Note that (1 - α/2) = the entire area in the Normal curve to the left of outer right boundary of the Region of Certainty, or Confidence Interval. This includes the entire Region of Certainty and the half of the Region of Uncertainty that exists in the left tail.
For example:
Level of Confidence = 95% for a 95% Confidence Interval
Level of Significance = 5% (α = 0.05)
1 - α = 0.95 = 95%
Z Score95% = NORMSINV (1 - α/2) = NORMSINV (1 - .05/2) = NORMSINV(1 - 0.025)
Z Score95% = NORMSINV (0.975) = 1.96
The outer right boundary of the 95% Confidence Interval, and the Region of Certainty, is 1.96 Standard Errors from the mean.

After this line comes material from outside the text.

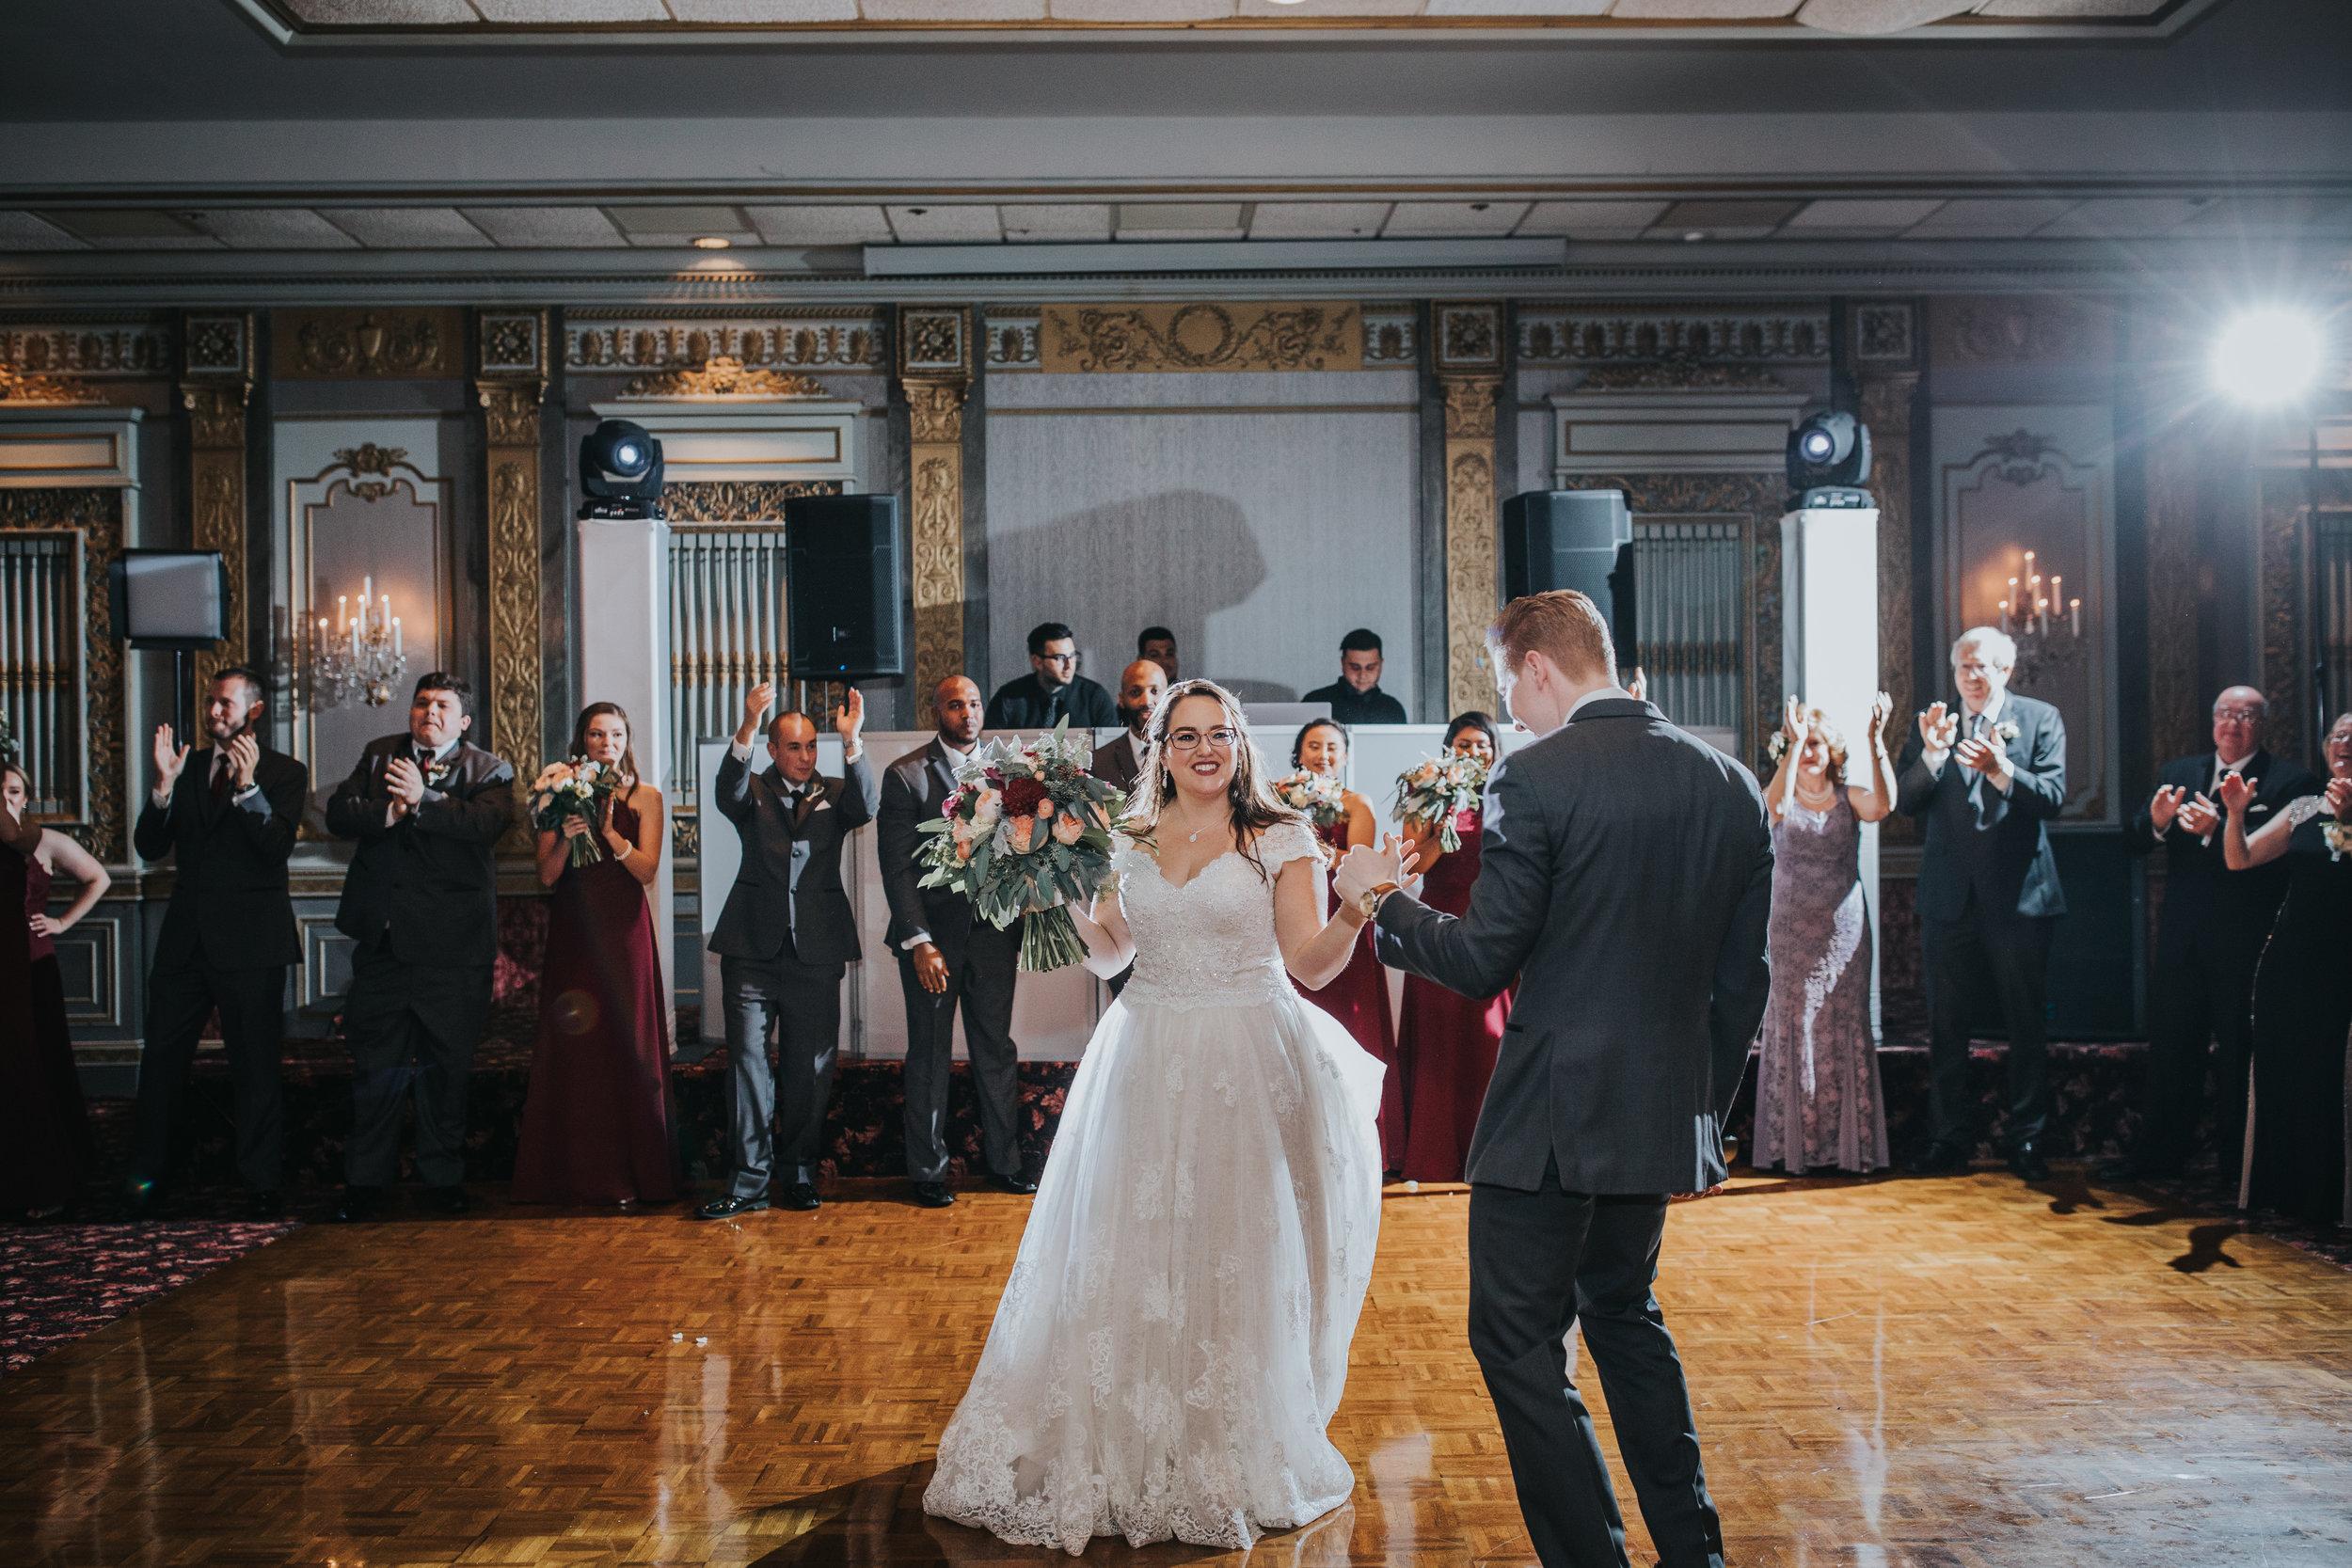 New-Jersey-Wedding-Photography-Fishers-Tudor-House-JennaLynnPhotography-Reception-Kathleen&Eddie-11.jpg

The left boundary is the same distance from the mean because the Confidence Interval is centered about the mean.
Formulas for Calculating Confidence Interval Boundaries from Sample Data for a Population Mean
Confidence Interval Boundaries = Sample proportion +/- Z Score(1-α) * Sample Standard Error
Confidence Interval Boundaries = xavg +/- Z Score(1-α) * sxavg
Sample Mean = xavg
Z Score(1 - α) = NORMSINV (1 - α/2)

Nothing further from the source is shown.